The old man looked up. It took several seconds for our presence to register.

“The answer to everything,” he said, his voice dry and faint. He returned to his work.

“May we see?”

His hands shook when he wasn't writing. He licked his lips and hoisted the page for us to view. Meaningless scribbles. He giggled, a strand of drool falling from the side of his mouth. Miss Gracie made comforting childlike noises in his direction, returned me to the elevator. The doors hissed shut.

“Buck Kincannon Senior, right?” I said. “He looks healthy. Glowing.”

“Mister Buck wear a diaper. He sleep fifteen hours a day. Half the time, I spoon food in him. Car's all shiny, but the motor's burned up.”

The whole second floor was a sham, a theatrical set to give Daddy Kincannon a sense of place after all his years in business. The elevator door opened on the first floor.

“Why did you show me Mister Buck?” I asked.

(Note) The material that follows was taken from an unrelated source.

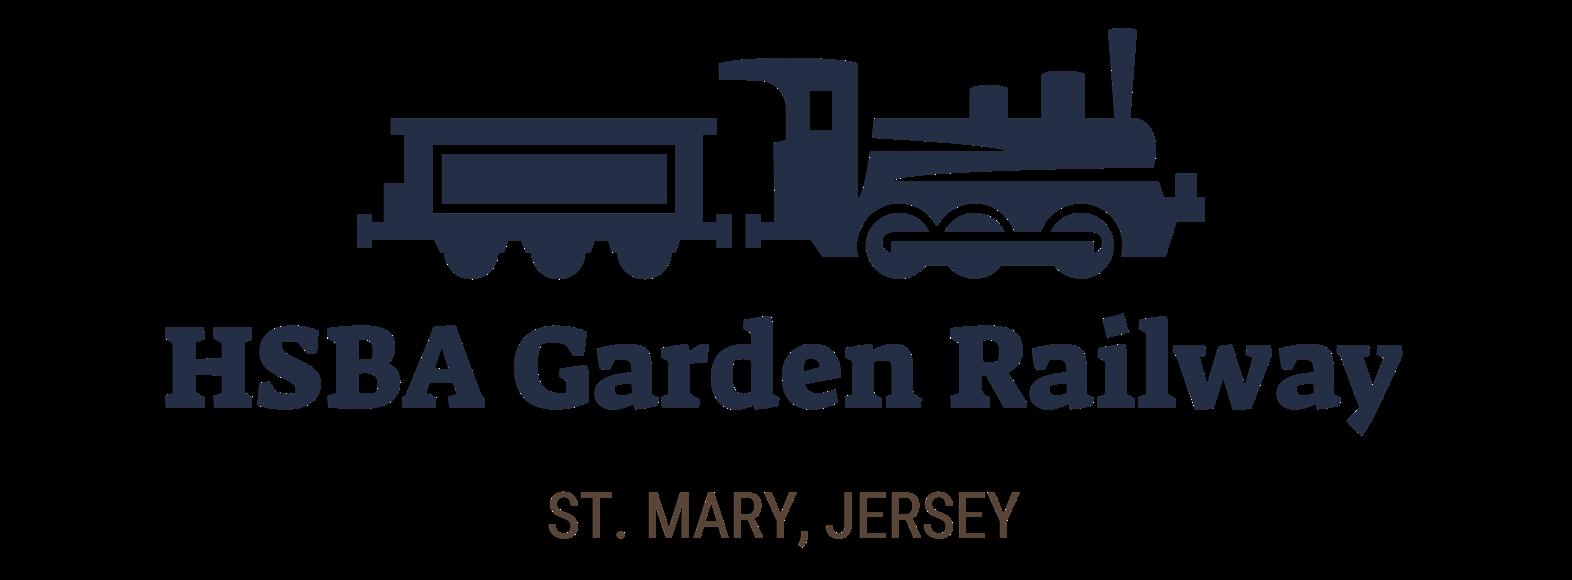 HSBA Garden Railway
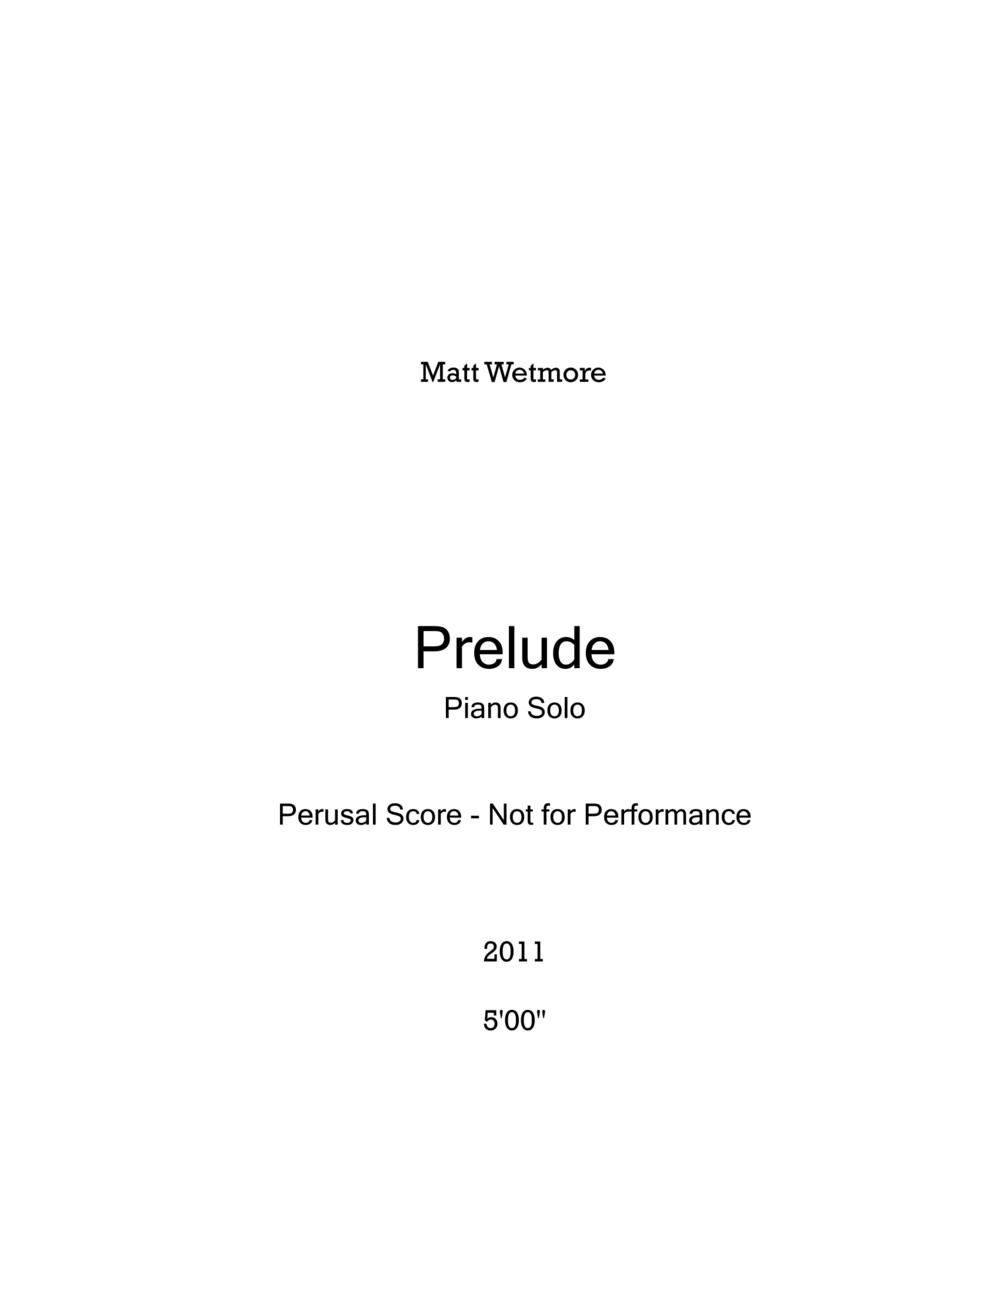 Prelude Perusal-1.png

A long pause. “He wanders, like Freddy. If you see him moving around, it's best you know he ain't tryin' to hurt you. You understand?”

I found her tone discordant, almost imploring. I said, “I understand.” But I didn't.

Miss Gracie wheeled me down the hall, again passing the occupied rooms.

“Lucas is kept in the red room?” I asked. “The padded room?”

“Sometimes.”

“When he's bad? When his madness presents?”

Another pause. “Mr. Lucas go in there when his mama come. She can look at him through the door. It's how she's been told.”

“To keep her safe from him?”

“To keep something safe for someone.”

A sleepy voice came from behind us. “Carson? Is that you?”

Miss Gracie spun the bed. Freddy was at his doorway, watching. The puppet hung from his hand.

“What you doing up, Mister Freddy?” Miss Gracie asked. “You supposed to be sleeping.”

“I saw Carson. Puppy and I want to play.”

“You get right back in that bed. I'm takin' this fella on a look-see an' we don't need any company.”

“No fair.”

“Get yourself in bed now, mister. You can play when it's morning.”

Freddy grumbled and pouted back to his bed. He jumped in, pretended to fall asleep, growling out fake snores. He half-opened one eye and winked at me, like he'd put a big one over on Miss Gracie.

She sighed as she pushed me past the room. “That boy think he's so cool.”

“Boy? He must be nearing his forties.”

“He still a child, always be one.” She looked at her watch. “I got to make checks, change diapers, make sure Freddy got his butt in bed. If that boy don't get a full eight, he's cranky all day. I'll be back once more 'fore I turn off the lights.” She started to the door, stopped. Turned her head to me, her eyes dark with mystery.